The Grievance Committee has claimed that the Respondent's action in indicating to the Committee that no funds were left from Merlo's settlement with which to pay the Maresca claim, was false and violated Rule 1.15(b) of the Rules of Professional Conduct. Further, the CT Page 15892 Committee claims that the use of any statement that falsely indicated a negative net settlement balance in support of the Respondent's answer to the grievance complaint violated Rules 3.3(a)(1) and (2), 8.1(1) and (2) and 8.4(1)(3) and (4) of the Rules of Professional Conduct.

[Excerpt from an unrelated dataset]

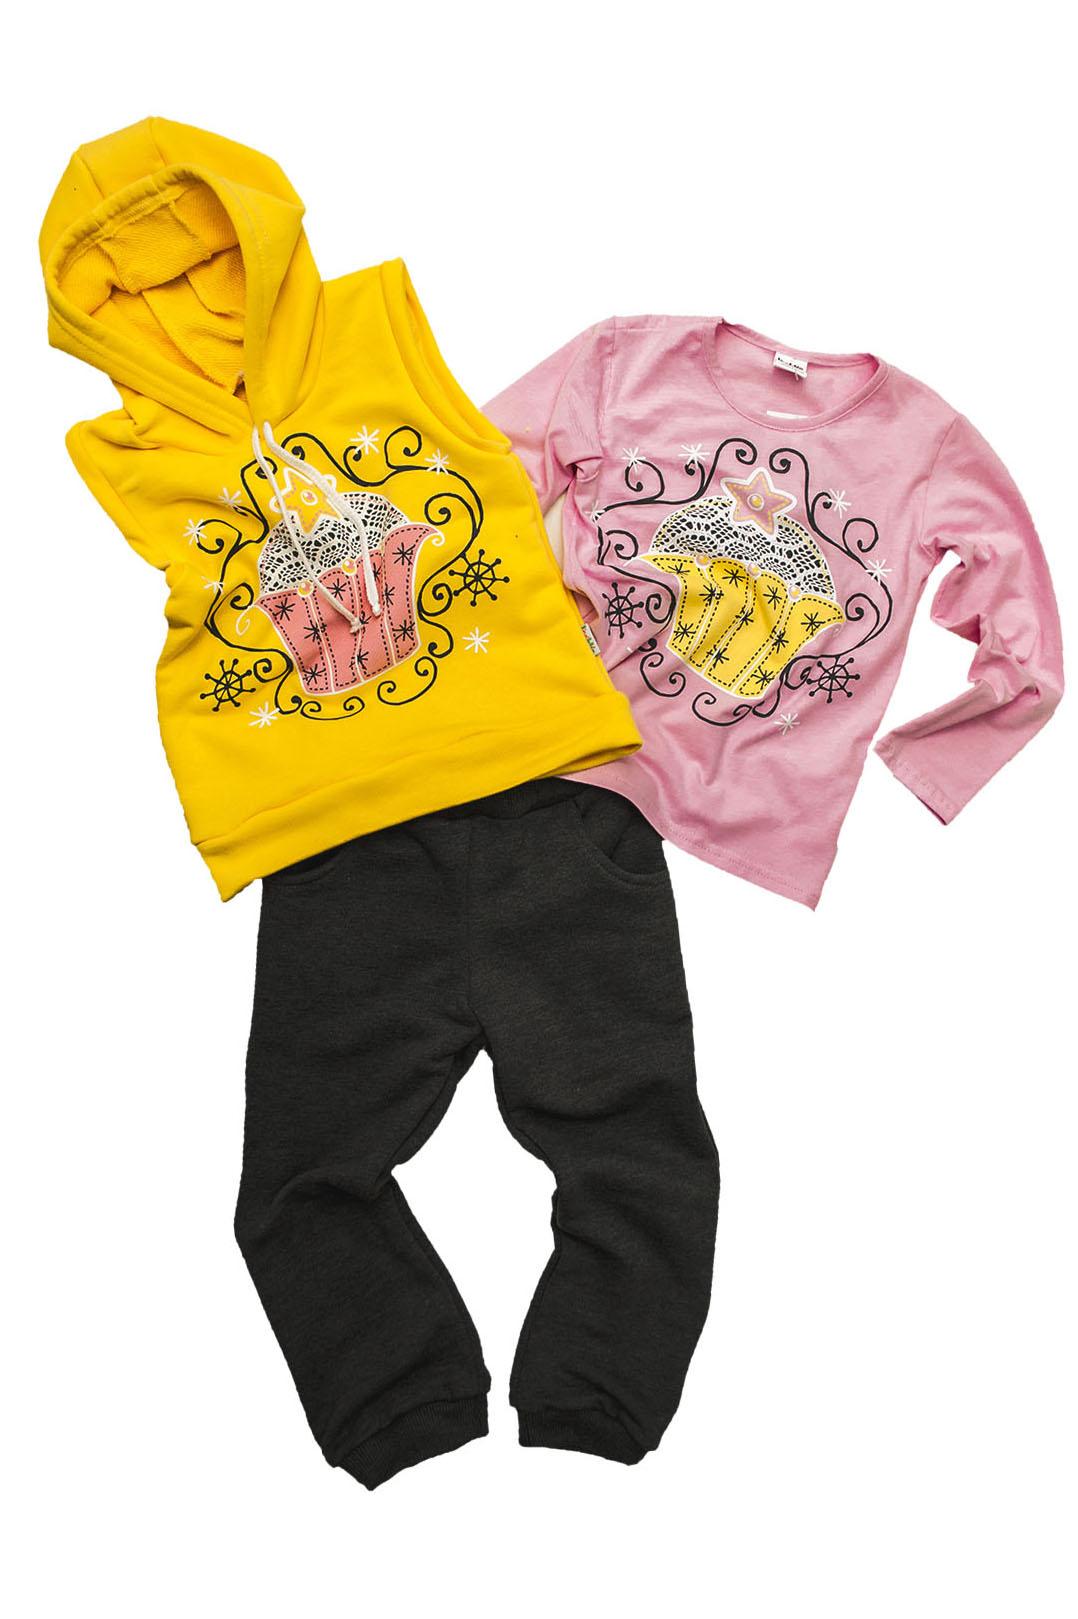 КостюмКостюмы<br>Трикотажный костюм для девочки.  В изделии использованы цвета: серый, желтый, розовый и др.  Размер 74 соответствует росту 70-73 см Размер 80 соответствует росту 74-80 см Размер 86 соответствует росту 81-86 см Размер 92 соответствует росту 87-92 см Размер 98 соответствует росту 93-98 см Размер 104 соответствует росту 98-104 см Размер 110 соответствует росту 105-110 см Размер 116 соответствует росту 111-116 см Размер 122 соответствует росту 117-122 см Размер 128 соответствует росту 123-128 см Размер 134 соответствует росту 129-134 см Размер 140 соответствует росту 135-140 см Размер 146 соответствует росту 141-146 см Размер 152 соответствует росту 147-152 см Размер 158 соответствует росту 153-158 см Размер 164 соответствует росту 159-164 см Размер 170 соответствует росту 165-170 см Размер 176 соответствует росту 171-176 см Размер 182 соответствует росту 177-182 см<br><br>Горловина: Капюшон,С- горловина<br>По возрасту: Дошкольные ( от 3 до 7 лет),Ясельные ( от 1 до 3 лет)<br>По материалу: Трикотажные<br>По образу: Повседневные<br>По рисунку: С принтом (печатью),Цветные<br>По сезону: Всесезон,Зима,Осень,Весна<br>По силуэту: Полуприталенные<br>По стилю: Повседневные,Теплые<br>По элементам: С карманами<br>Рукав: Длинный рукав<br>Размер : 110,122,98<br>Материал: Трикотаж<br>Количество в наличии: 3
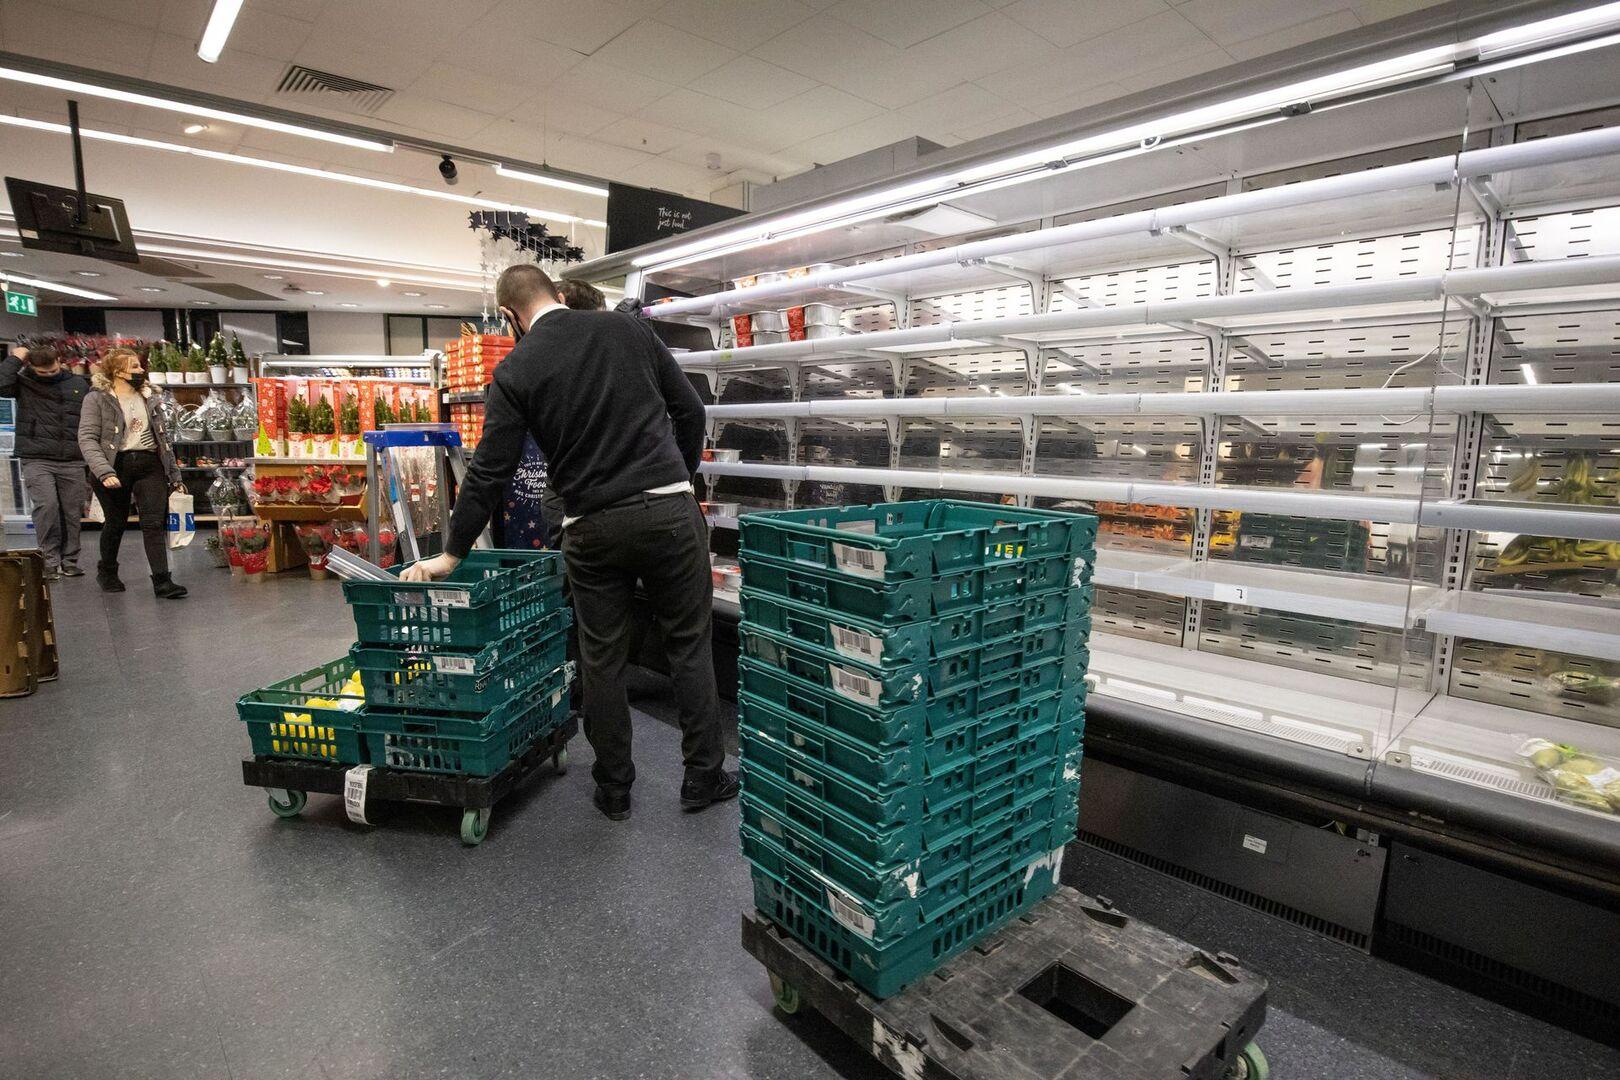 Los supermercados de Reino Unido se ven obligados a racionar alimentos ante  el pánico de los consumidores - Libre Mercado

Rule 1.15(b) requires that "upon receiving funds. . . . which a client or third person Has an interest in . . . a lawyer shall promptly deliver to the client or third person [such] funds as the client or third personIS ENTITLED TO RECEIVE" (emphasis added). The court finds that the Respondent did not violate this rule as his letter of protection clearly conditioned remittance on the prior payment of "other protected outstanding obligations" owed by Merlo which would include Merlo's debt to Vernon Perry.

Rule 3.3(a)(1) states that "(a) a lawyer shall not knowingly: (1) make a false statement of material fact or law to a tribunal; (2) fail to disclose a material fact to a tribunal when disclosure is necessary to avoid assisting a criminal or fraudulent act by the client". The court believes that the Respondent's conduct in identifying the settlement statement showing a negative balance to the client only when before the Committee, and withholding the second statement revealing the reduction in the health provider's bill, violates the spirit, if not the letter, of Rule 3.3(a)(1). With respect to 3.3(a)(2) the court finds that said rule does not apply to the conduct under consideration as it requires evidence of a "criminal or fraudulent act by the client" which the court finds absent.

With respect to Rule 8.1(1), "knowingly make a false statement of material fact," or (2) "fail to disclose a fact necessary to correct a misapprehension known by the person to have arisen in the matter, or knowingly fail to respond to a lawful demand for information. . . .," the Respondent did withhold the October 1, 1998 statement from the grievance committee either knowingly or carelessly.

With respect Rule 8.4(1), 8.4(3) and 8.4(4), said sections in essence provide that it is "professional misconduct" for a lawyer to (1) "violate any other rule," or "engage in conduct involving dishonesty, fraud, deceit or misrepresentation, or "engage in conduct . . . prejudicial to the administration of justice." The court concludes that the Respondent violated 8.4(1) as the court has stated previously that said Respondent violated 3.3(a)(1). Said violations, however, all result from the Respondent's failure to bring the second statement to the attention of the grievance committee. The court, however, will not characterize said failure as justifying the finding of dishonestly, fraud, deceit or misrepresentation, nor, can the court conclude that the mere failure of the Respondent to produce said statement rises to the level of being CT Page 15893 prejudicial to administration of justice.

The court must add that evidence disclosed that at the time of Respondent's handling of the Merlo case, he was spending only eight to ten hours per month in his office due to his wife Joan's 3 year battle with metastatic uterine cancer which claimed her life on April 30, 2001 (Defendant's Exhibit 10). Further evidence disclosed that the Respondent, himself, during the thirteen years leading up to the Merlo case, underwent "multiple angioplasty procedures, cardio bypass surgery, and stent placement on two occasions in the saphenous vein to the obtuse marginal branch of the left coronary artery. If his wife's illness and death as well as his own health problems were an impediment to his functioning effectively in his practice the court would understand this.

Nevertheless, the court believes that some sanction is warranted because of the Respondent's failure to disclose the settlement statement of October 1, 1998 to the Grievance Committee. Therefore, it is the decision of this court that a reprimand issue as against the Respondent William T. Browne.